Stored entries
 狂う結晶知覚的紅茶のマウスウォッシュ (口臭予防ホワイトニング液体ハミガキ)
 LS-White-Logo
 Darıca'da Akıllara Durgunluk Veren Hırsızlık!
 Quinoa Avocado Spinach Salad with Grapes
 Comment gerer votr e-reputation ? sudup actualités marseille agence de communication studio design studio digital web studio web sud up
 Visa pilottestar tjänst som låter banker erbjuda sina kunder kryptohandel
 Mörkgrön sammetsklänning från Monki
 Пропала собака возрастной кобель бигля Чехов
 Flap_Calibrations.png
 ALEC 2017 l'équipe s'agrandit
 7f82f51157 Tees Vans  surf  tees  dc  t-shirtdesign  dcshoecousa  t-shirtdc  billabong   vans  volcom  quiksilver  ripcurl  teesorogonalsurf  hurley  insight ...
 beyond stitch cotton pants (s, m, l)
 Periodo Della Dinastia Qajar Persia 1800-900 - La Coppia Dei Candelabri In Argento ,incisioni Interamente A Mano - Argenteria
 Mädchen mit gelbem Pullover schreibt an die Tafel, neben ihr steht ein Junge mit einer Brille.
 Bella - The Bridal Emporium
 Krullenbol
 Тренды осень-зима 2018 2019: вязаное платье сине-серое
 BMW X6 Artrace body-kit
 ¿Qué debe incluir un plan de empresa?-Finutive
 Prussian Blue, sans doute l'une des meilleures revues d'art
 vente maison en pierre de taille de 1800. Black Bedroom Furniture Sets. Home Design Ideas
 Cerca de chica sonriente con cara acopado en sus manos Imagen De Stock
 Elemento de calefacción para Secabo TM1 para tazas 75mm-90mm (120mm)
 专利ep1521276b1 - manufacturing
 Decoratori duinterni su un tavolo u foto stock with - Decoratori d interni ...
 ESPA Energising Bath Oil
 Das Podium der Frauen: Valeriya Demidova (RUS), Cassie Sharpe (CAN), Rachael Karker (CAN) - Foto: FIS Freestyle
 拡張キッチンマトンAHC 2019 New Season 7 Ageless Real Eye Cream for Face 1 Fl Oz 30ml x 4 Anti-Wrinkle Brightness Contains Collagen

**What is expected**
Each entry above must be repeated word for word.

**Answer space**
 狂う結晶知覚的紅茶のマウスウォッシュ (口臭予防ホワイトニング液体ハミガキ)
 LS-White-Logo
 Darıca'da Akıllara Durgunluk Veren Hırsızlık!
 Quinoa Avocado Spinach Salad with Grapes
 Comment gerer votr e-reputation ? sudup actualités marseille agence de communication studio design studio digital web studio web sud up
 Visa pilottestar tjänst som låter banker erbjuda sina kunder kryptohandel
 Mörkgrön sammetsklänning från Monki
 Пропала собака возрастной кобель бигля Чехов
 Flap_Calibrations.png
 ALEC 2017 l'équipe s'agrandit
 7f82f51157 Tees Vans  surf  tees  dc  t-shirtdesign  dcshoecousa  t-shirtdc  billabong   vans  volcom  quiksilver  ripcurl  teesorogonalsurf  hurley  insight ...
 beyond stitch cotton pants (s, m, l)
 Periodo Della Dinastia Qajar Persia 1800-900 - La Coppia Dei Candelabri In Argento ,incisioni Interamente A Mano - Argenteria
 Mädchen mit gelbem Pullover schreibt an die Tafel, neben ihr steht ein Junge mit einer Brille.
 Bella - The Bridal Emporium
 Krullenbol
 Тренды осень-зима 2018 2019: вязаное платье сине-серое
 BMW X6 Artrace body-kit
 ¿Qué debe incluir un plan de empresa?-Finutive
 Prussian Blue, sans doute l'une des meilleures revues d'art
 vente maison en pierre de taille de 1800. Black Bedroom Furniture Sets. Home Design Ideas
 Cerca de chica sonriente con cara acopado en sus manos Imagen De Stock
 Elemento de calefacción para Secabo TM1 para tazas 75mm-90mm (120mm)
 专利ep1521276b1 - manufacturing
 Decoratori duinterni su un tavolo u foto stock with - Decoratori d interni ...
 ESPA Energising Bath Oil
 Das Podium der Frauen: Valeriya Demidova (RUS), Cassie Sharpe (CAN), Rachael Karker (CAN) - Foto: FIS Freestyle
 拡張キッチンマトンAHC 2019 New Season 7 Ageless Real Eye Cream for Face 1 Fl Oz 30ml x 4 Anti-Wrinkle Brightness Contains Collagen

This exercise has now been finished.